(Records contained in a dataset)
Segment Open
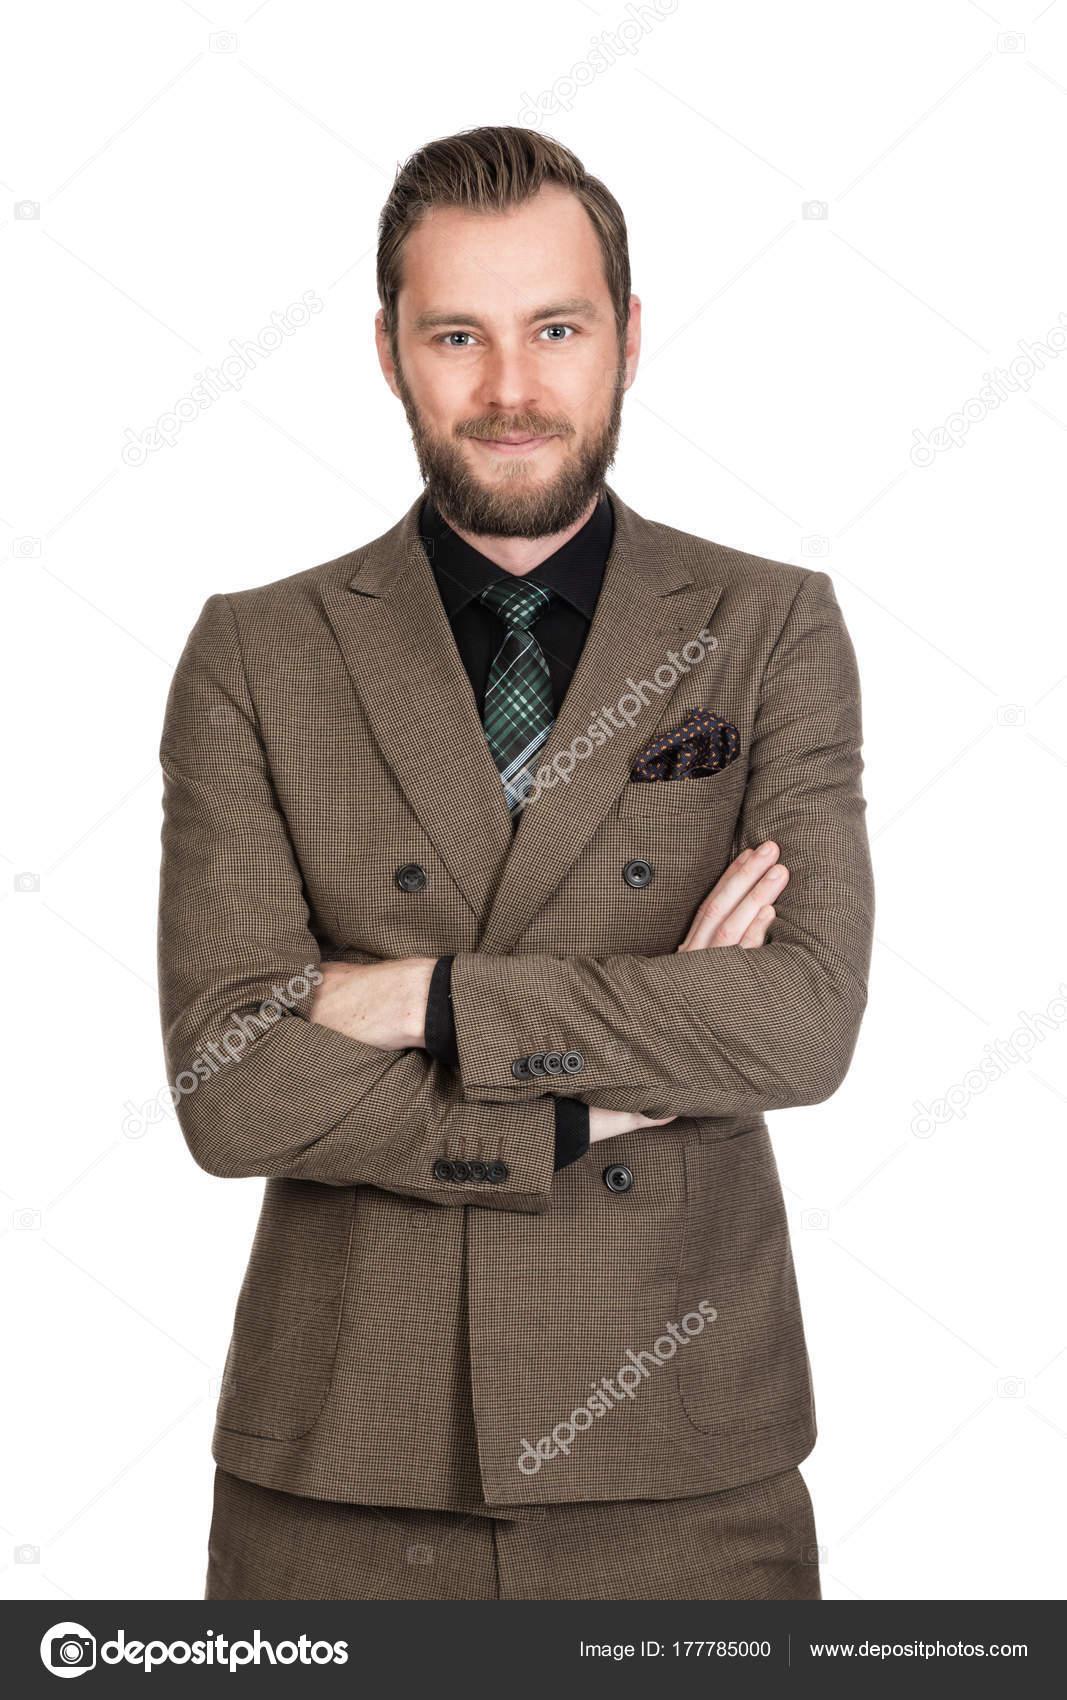 Gut Aussehend Geschaftsmann Einem Braunen Anzug Mit Einem Schwarzen
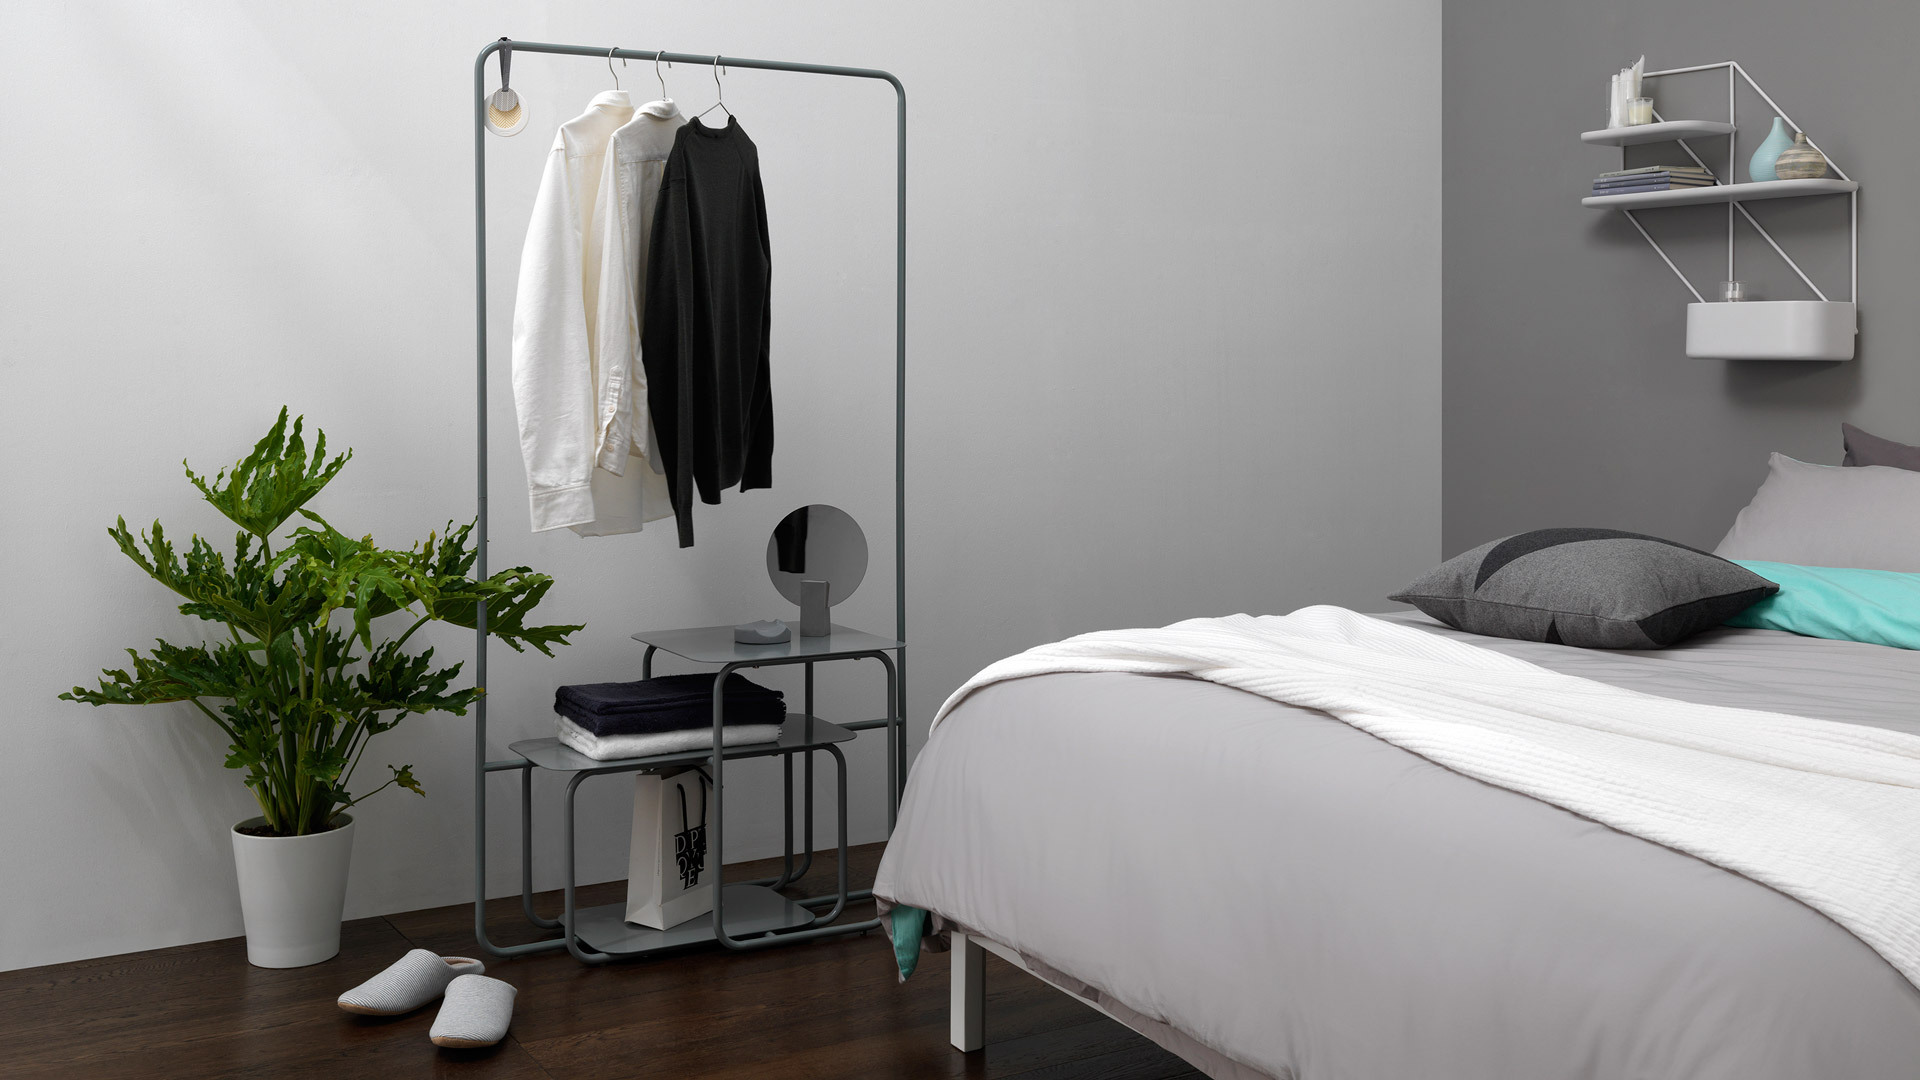 闲置的床侧,让衣帽陈列更有型
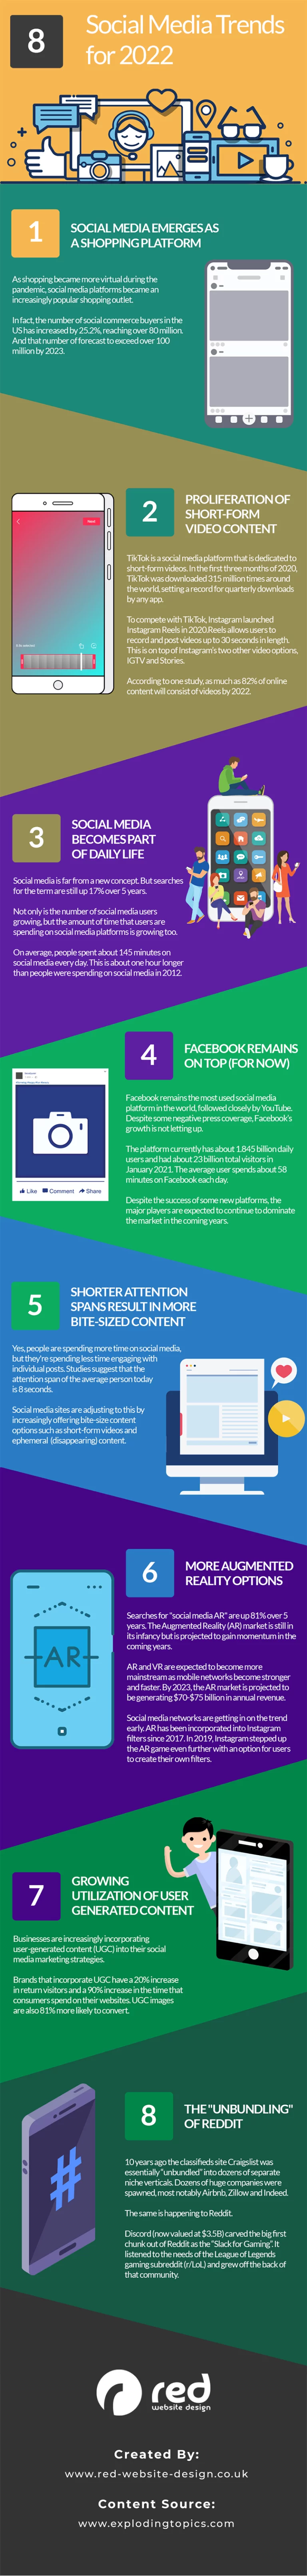 8 social media trend predictions
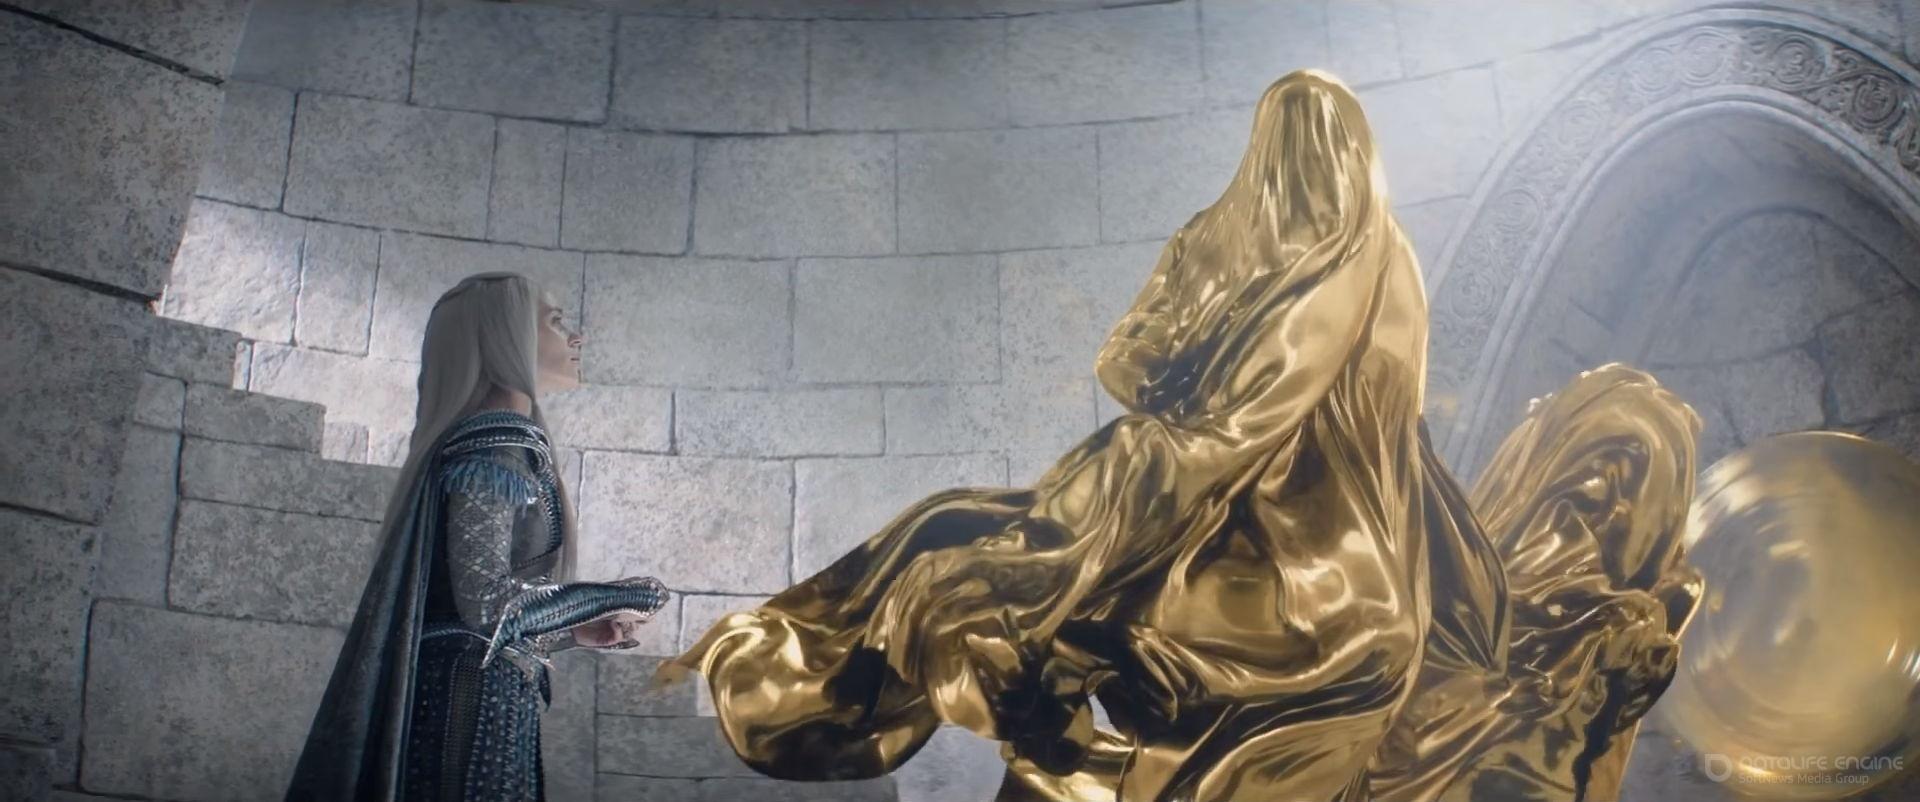 Взрывная блондинка (2017) смотреть онлайн фильм бесплатно ...
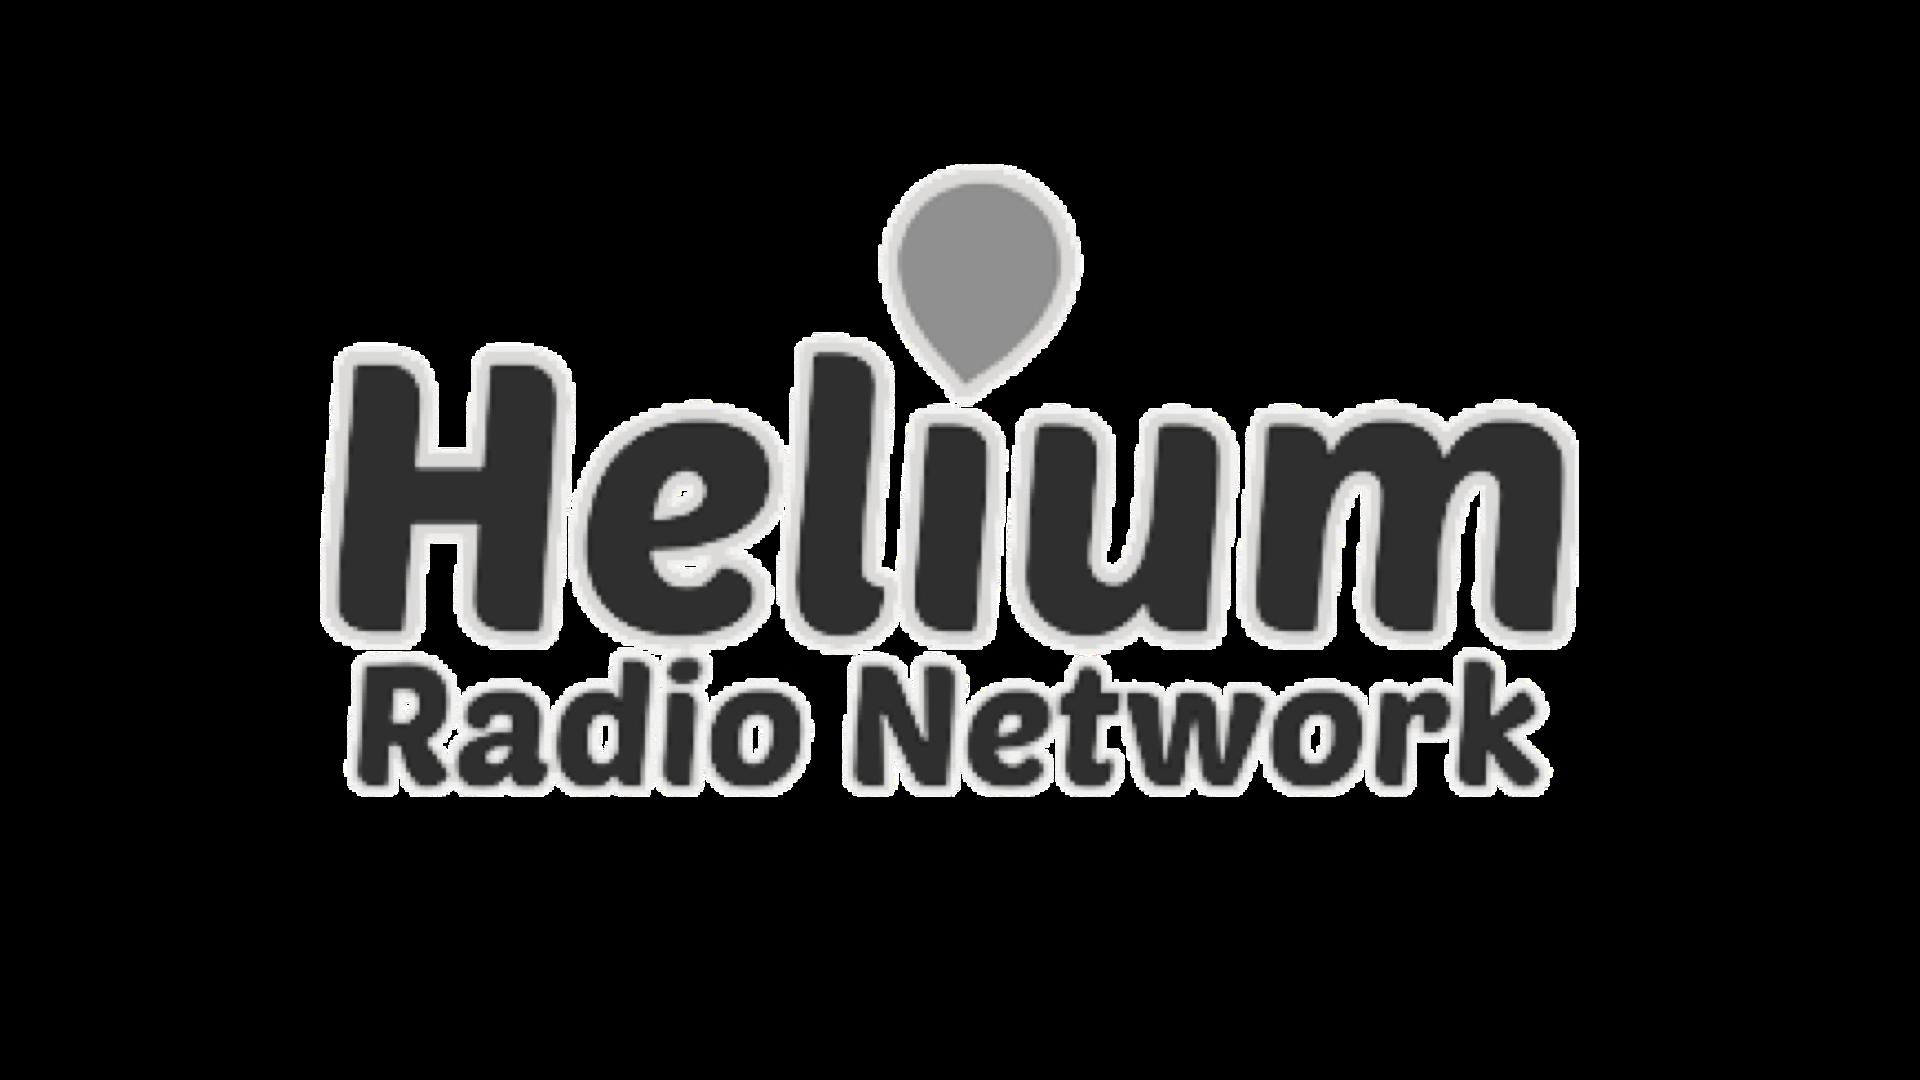 Helium Radio Network
Segment Closed
§ **YOUR TASK**
Could you retype the records above exactly, omitting the pictures?

§ **RESULT OF THE EXERCISE**
 Gut Aussehend Geschaftsmann Einem Braunen Anzug Mit Einem Schwarzen
 闲置的床侧,让衣帽陈列更有型
 8 social media trend predictions
 Взрывная блондинка (2017) смотреть онлайн фильм бесплатно ...
 Helium Radio Network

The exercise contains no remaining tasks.